Love Is Hurt (Wedding Polygamy)

Love Is Hurt (Wedding Polygamy)
You are valuable


BEFORE READING DO NOT FORGET TO CULTIVATE LIKE YAA YES GUYS..........


CECHIDOTE......


👇👇👇👇👇👇👇👇👇👇👇👇👇👇


If I can be born again, I want to be born far away from here. I want to be a wife and mother to my children. Waking up every morning welcomes the arrival of the morning sun without dust. I want to be hugged and hugged at dusk.


"So you have to be self-aware" continued Mama Chelsea who is still cool to accuse me of being an unlucky carrier.


My tears were dripping hard, I was unable to hold this clear melt.


"Ma, Mum. Ara pamit." I wipe my tears.


I walked out of Mr. Dante's house with a sobbing. I shouldn't have to wonder why I was dumped? I should have let it live without both biological parents, I should have accepted the fact that I was a child who was deliberately thrown out.


"Fine."


Mr. Dante grabbed my hand. He pulled me into his arms.


"cry. I know you're tired" said Mr. Dante.


I hugged Mr. Dante while crying loudly, my heart was like falling out when I heard my stepmother's explanation earlier.


"Hiks hyks hyx."


"Hiks hyks hyx."


"Hiks hyks hyx."


I was crying so much that I had all the pain in my chest.


"You're precious Ara, maybe they dumped you. But to me you're someone special" he rubbed my back


I hugged Mr. Dante tighter, buried my face in his field, to make his clothes wet from my tears. I don't care who I hug. I wish God would give me happiness for once. Sending me the one who really loves me, I need a backrest. I can't live my life alone.

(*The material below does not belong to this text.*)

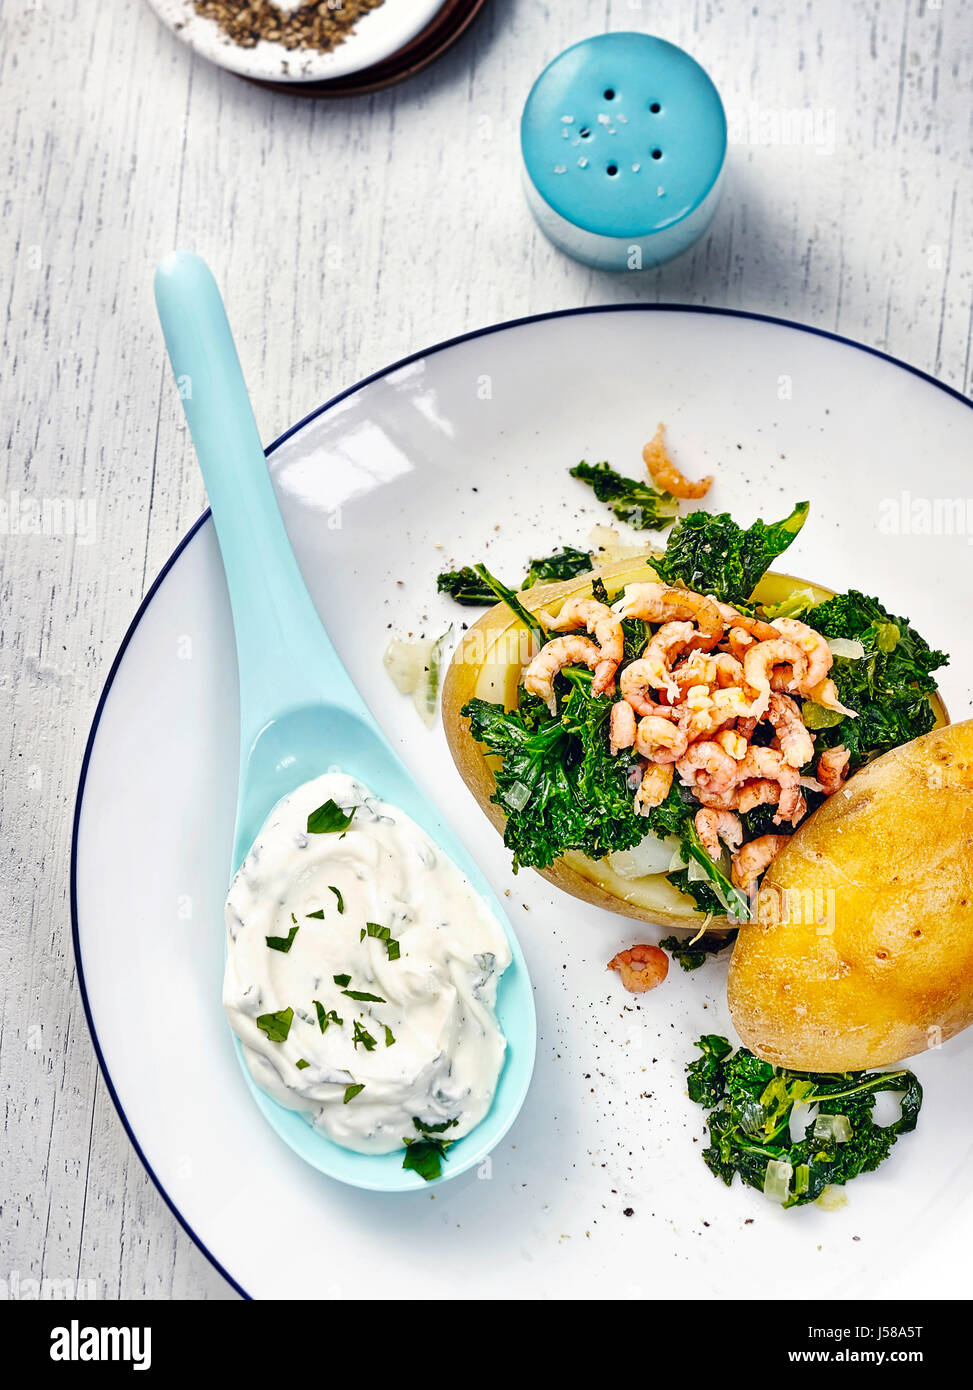 Baked potato with kale and shrimps Stock Photo

Mr. Dante let go of my embrace, then he rubbed my wet cheeks. I don't know if Mr. Dante really loves me, or just because I look like Kak Killa.


"I'm carrying shit," I said.


"No. You're not a fucking carrier. God allows everything to happen to help your character" explained Mr. Dante.


"Mommy," call Tata.


Me and Mr. Dante saw Tata running me.


"Tag."


I crouched down to welcome the embrace of this little princess. Tata is my sister which means my son too. Duplicate face Tata combined my face and Mr. Dante.


"Hiks hiks, don't miss. Don't stay with Tata," he snatched.


I rubbed Tata's back gently. I also loved this kid before I knew that I was his Mama's twin brother.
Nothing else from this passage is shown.